11 burcu geride bırakıp Zodyak'ın son durağı olan Balık burcuna vardık. Nasıl ki Kova burcu dünyevi sınırların ötesindeki enerjilerle titreşiyorsa Balık burcu da en aşkın enerjilerle titreşir. Bütünsel (Holotropik) şuuru temsil eder.
Balık burcu mürekkep bir enerjidir. Engin bünyesinde 12 burç enerjisi toplanır. O zodyakın kara kutusudur. Dili semboliktir. "Kolektif bilinçdışı"nı içeren bu zengin sembol dilinin insan ruhunu dönüştürücü ve iyileştirici etkileri yüksektir.
Balık burcunun evrensel sembol dilini anlama ve vizyon gücü diğerlerinden çok yüksektir çünkü Balık burcunda her şey akıl ötesidir yani transrationaldır. En doğal hazinesi olan sevgi, şefkat, merhamet ve bağışlama hisleri onu iyi bir şifacı yapar. Aynı zamanda ruhsal aydınlanmanın da temsilcisidir.

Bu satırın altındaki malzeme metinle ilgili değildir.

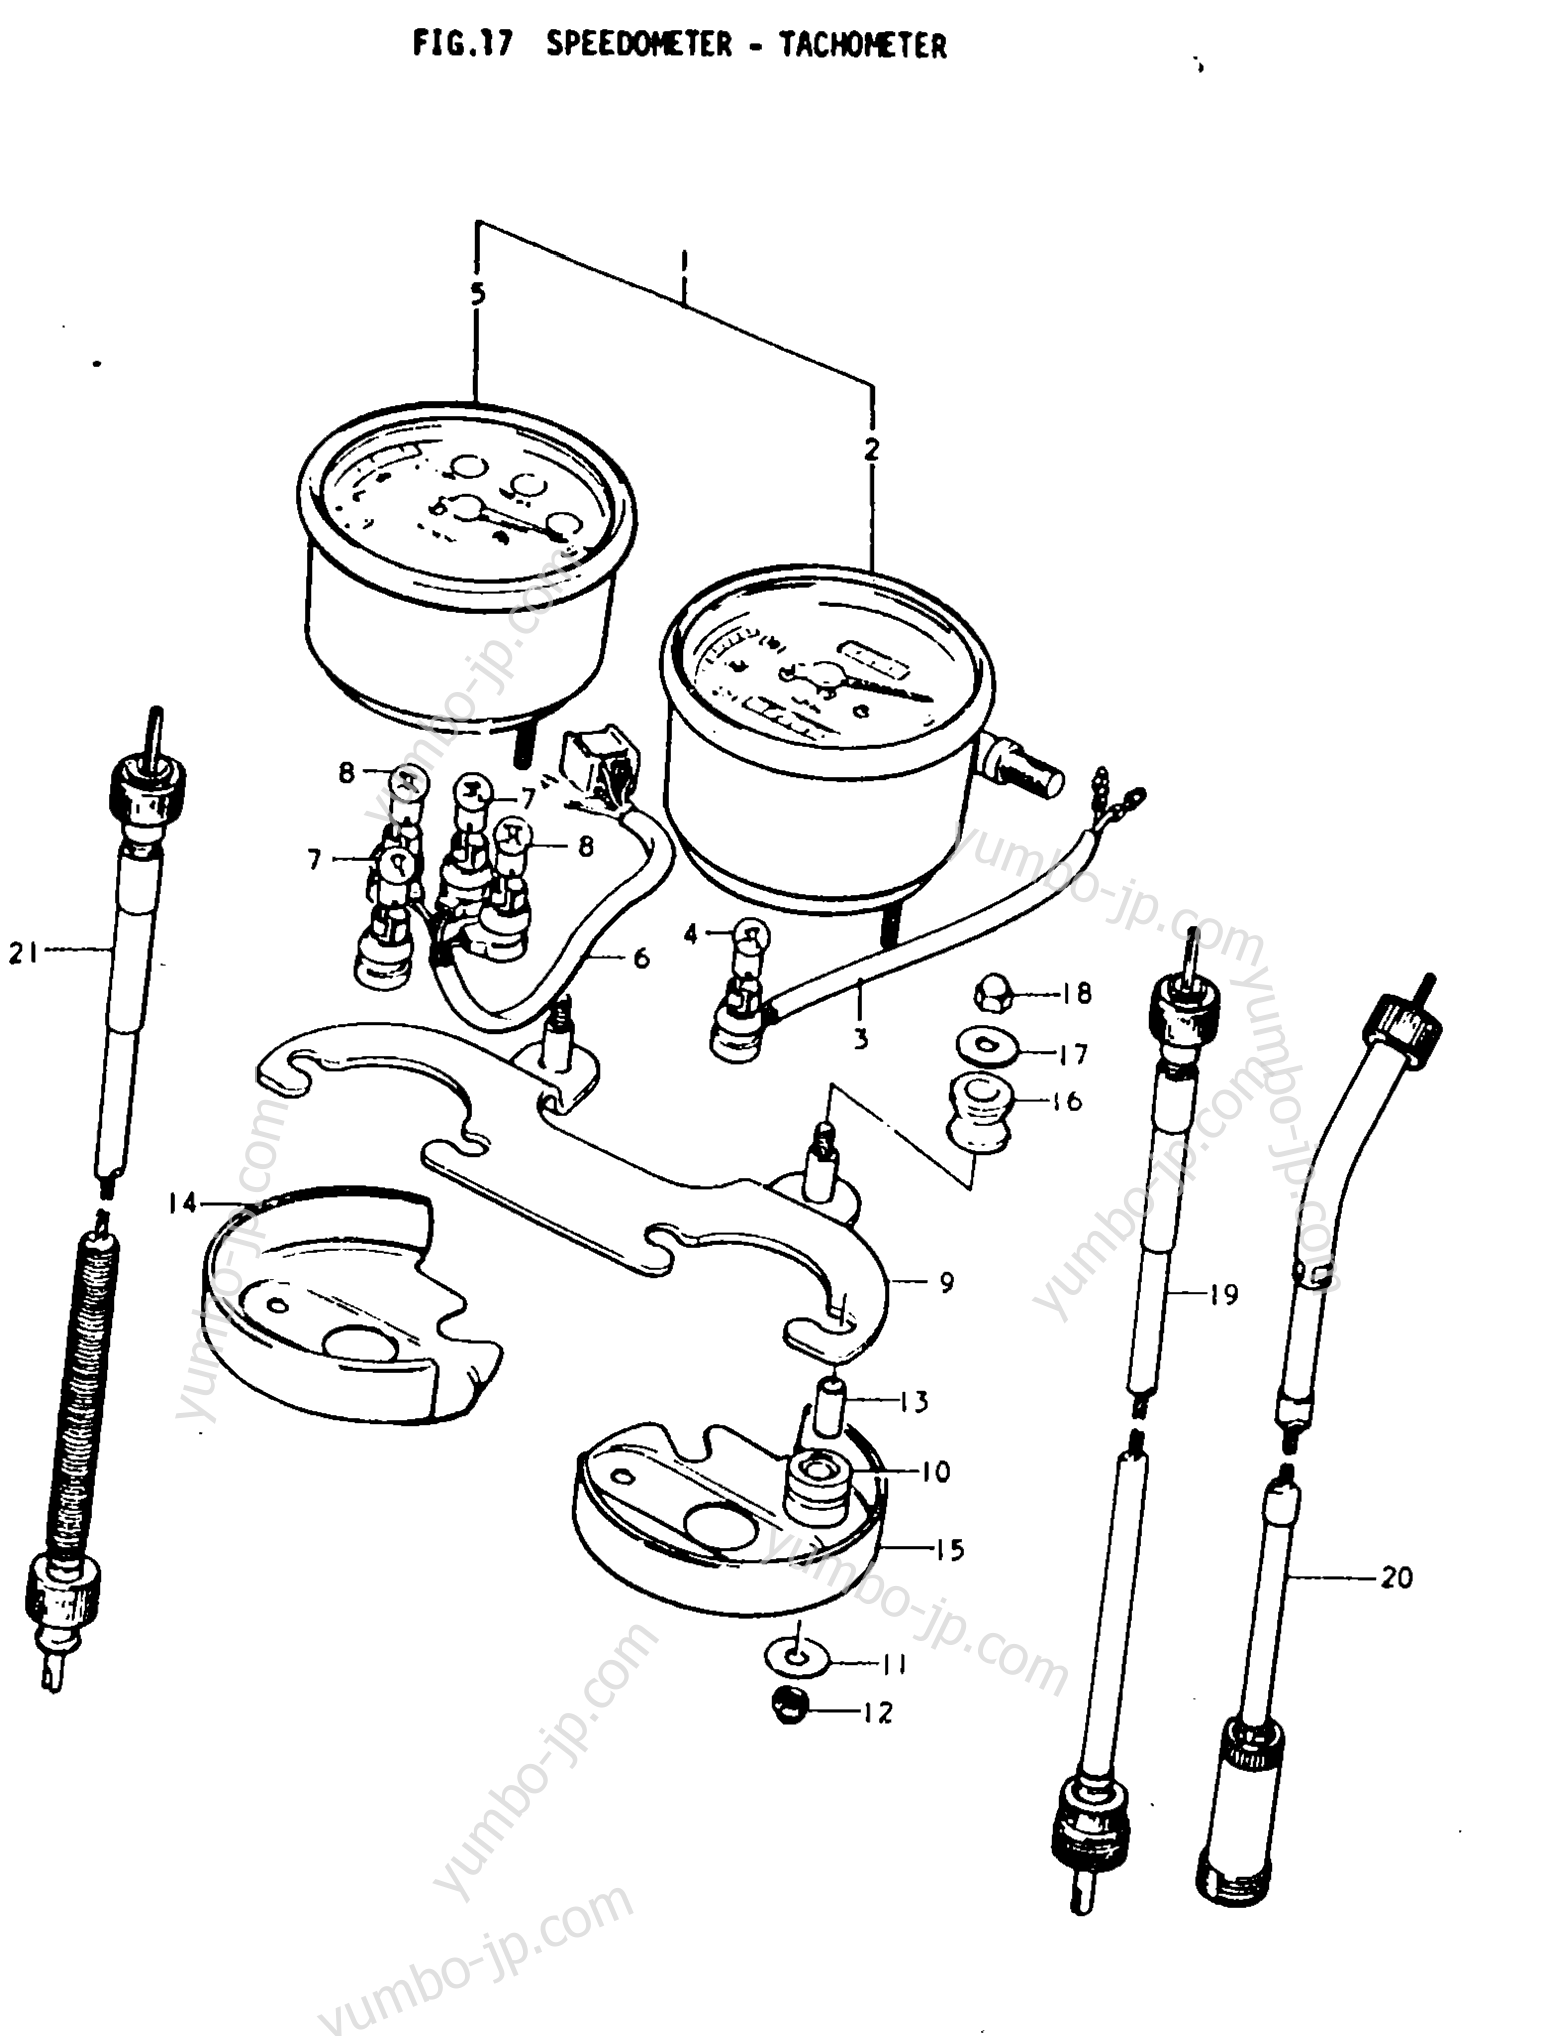 Speedometer - Tachometer for motorcycles SUZUKI TS250 1978 year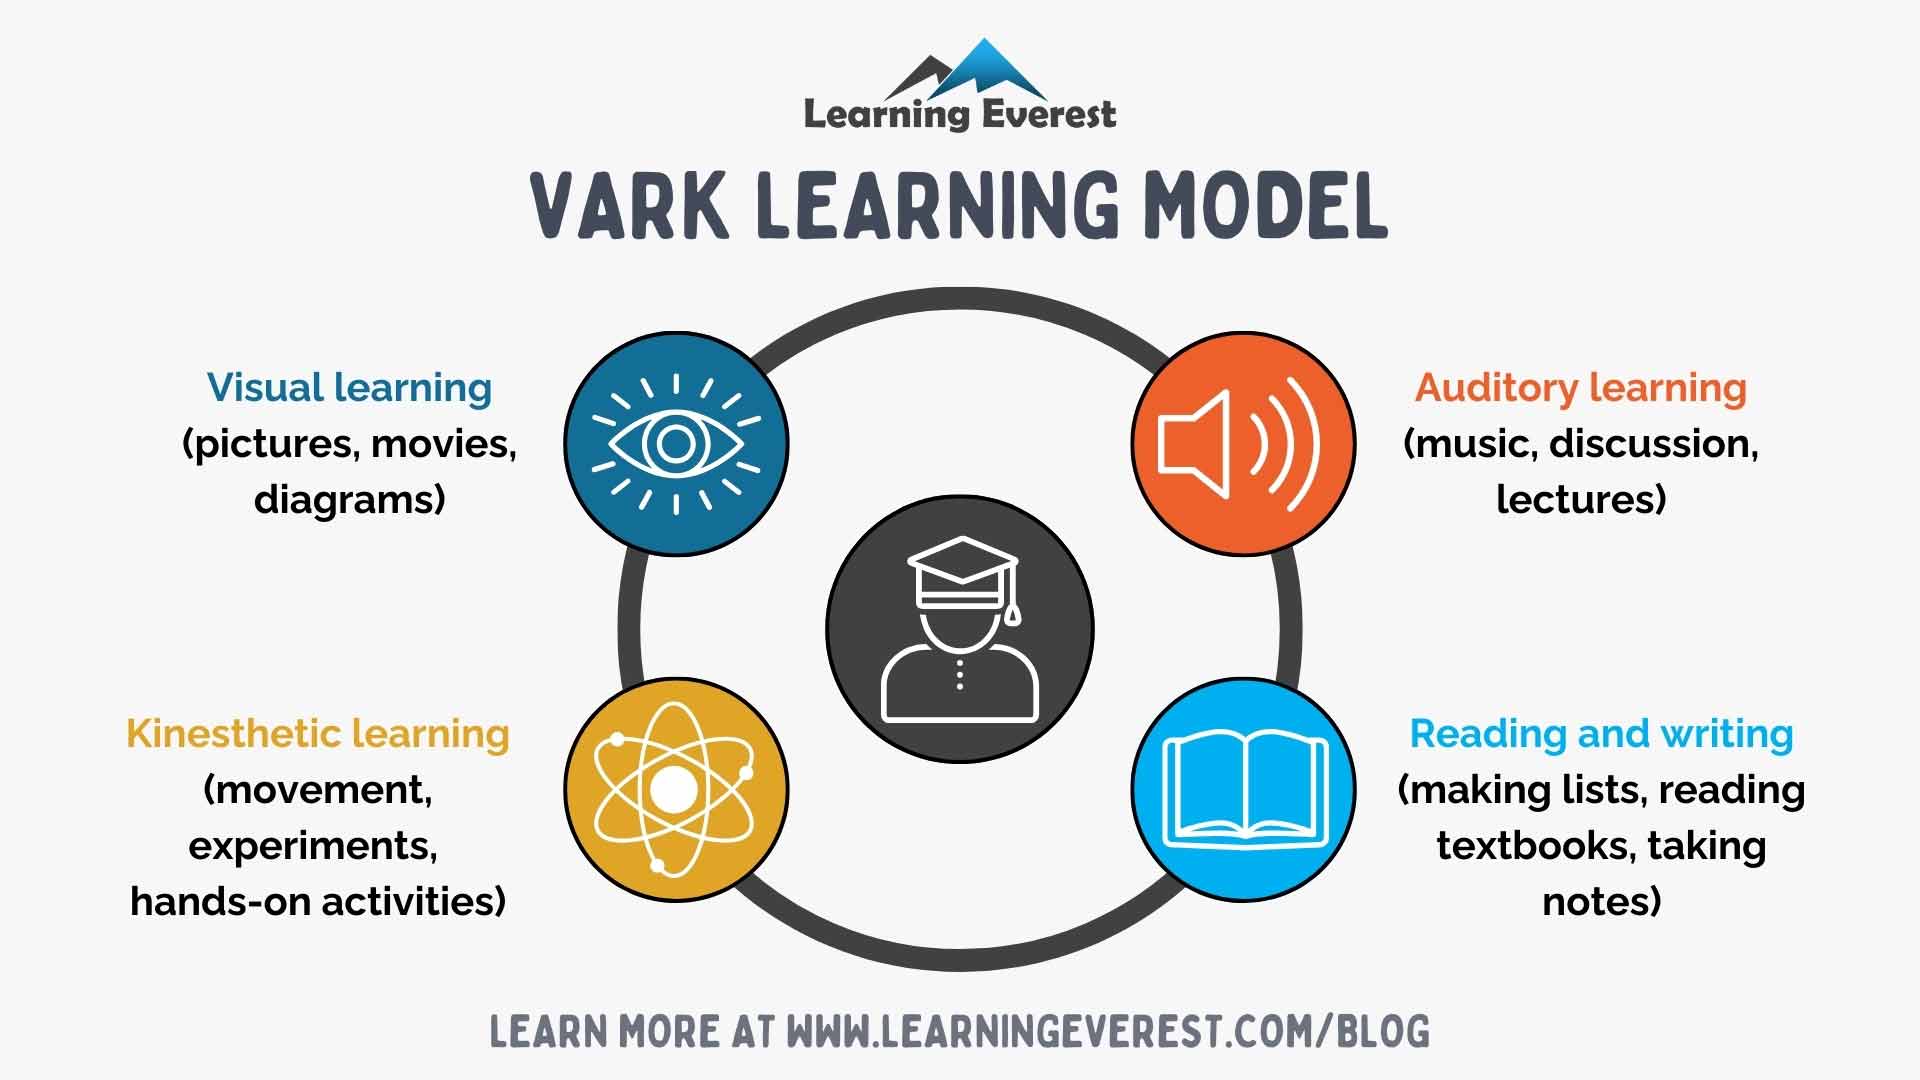 VARK Learning Model

Balık burcu ruhen sınırsız okyanuslarda huşu içinde yüzerken fani alemde kendini "sudan çıkmış balık" gibi biçare hisseder. Hayatın acı gerçekleri ve çirkin taraflarıyla yüzleşmekten kaçar. Katı gerçekleri eğip bükerek kabullenebileceği bir hale sokar yani çarpıtır...
Balık burcunun aşkın enerjilerle donatılmış olması bu enerjileri her zaman doğru kullanabileceği anlamına gelmez. Bu aşkın enerjileri taşımakta zorlandığında suyu emen bir sünger gibi ağırlaşıp batabilir. Çoğunlukla alkolizm ve uyuşturucu bağımlılığı yanlış yönlenmiş bir aşkınlık arayışından kaynaklanır.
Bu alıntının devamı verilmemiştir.